The anti-vaccine crowd is a combination of woo guzzling liberals and conservatives. The biggest difference is that the liberals who are not vaccinating their kids don’t have significant elements of their favorably inclined political representation encouraging them while it looks like anti-vaccination will be yet another litmus test used to determine who today is a True Conservative ™ and who is a squish. Why? I think it might have something to do with how vaccines solve collective action problems and how the right does not like to recognize that these problems exist as a class.

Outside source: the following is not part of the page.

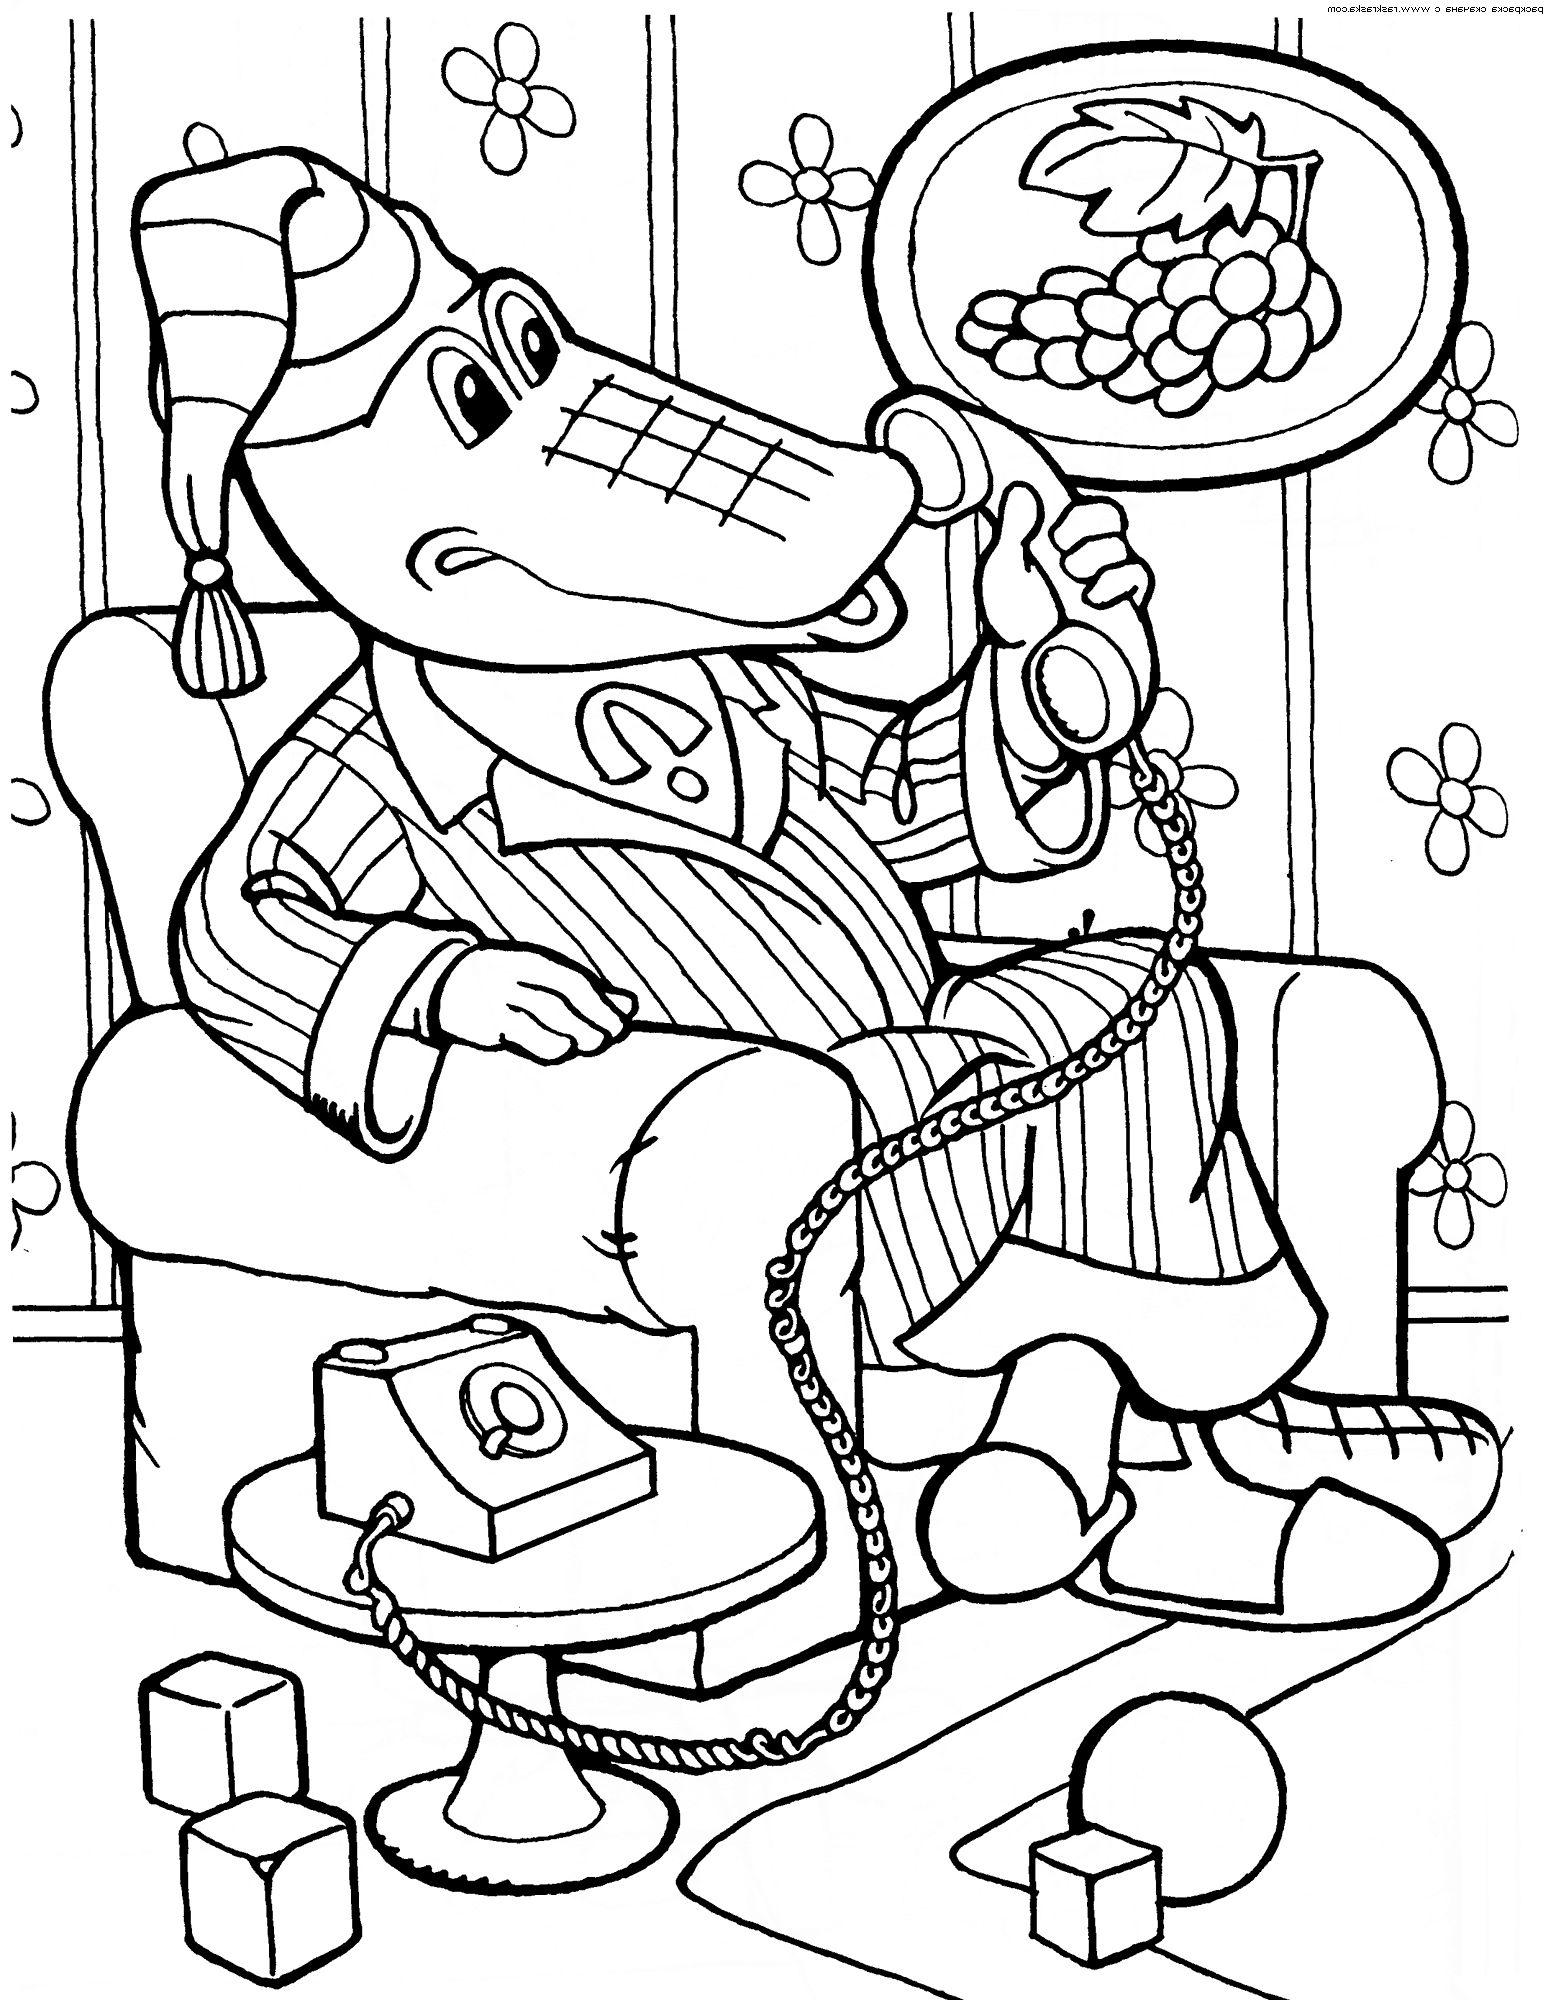 Гребнистый крокодил - раскраски для детей » Скачать лучшие ...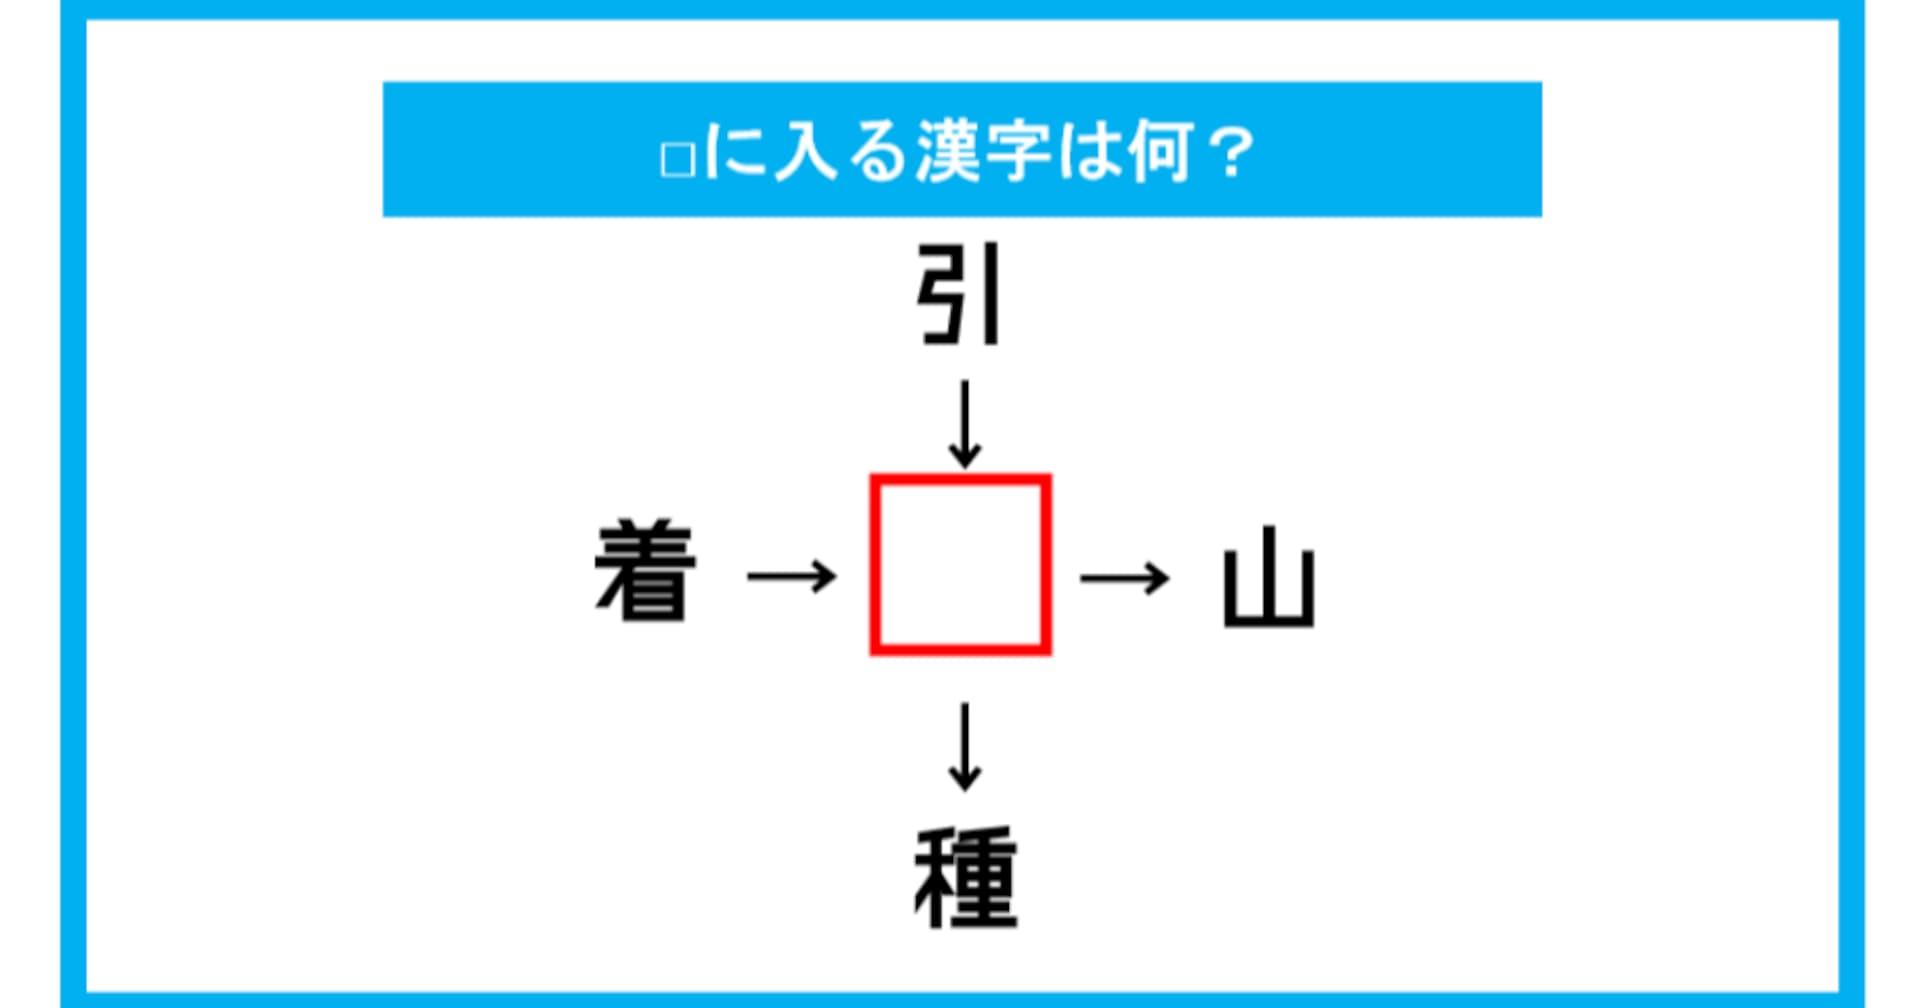 【漢字穴埋めクイズ】□に入る漢字は何?(第124問)

Vaccines provide protection through two means. The first is direct protection. I get a shot for something and the probability of me getting that particular disease declines dramatically as my immune system now knows how to fight that type of invader. The second is indirect protection via herd immunity. If I get a shot, I go from being a possible vector and transmitter of a disease to another unvaccinated person to a very low probability of passing the disease along. Herd immunity only works when the vast majority of the population already is immune to a disease as the probabilities of a current carrier bumping into a receptive individual is fairly low if the general population is overwhelmingly vaccinated. If I am the only person in my county vaccinated for Itch Elbowitis (and no, I did not watch a lot of Nick Jr. last night with my kids), any current carrier of Itchy Elbowitis will be highly likely to bump into non-immune individuals by the time they get their first cup of coffee. A nasty bug won’t have the chance to get established in my community as it won’t bump into any receptive carriers during its infectious/spreading phase of its life cycle.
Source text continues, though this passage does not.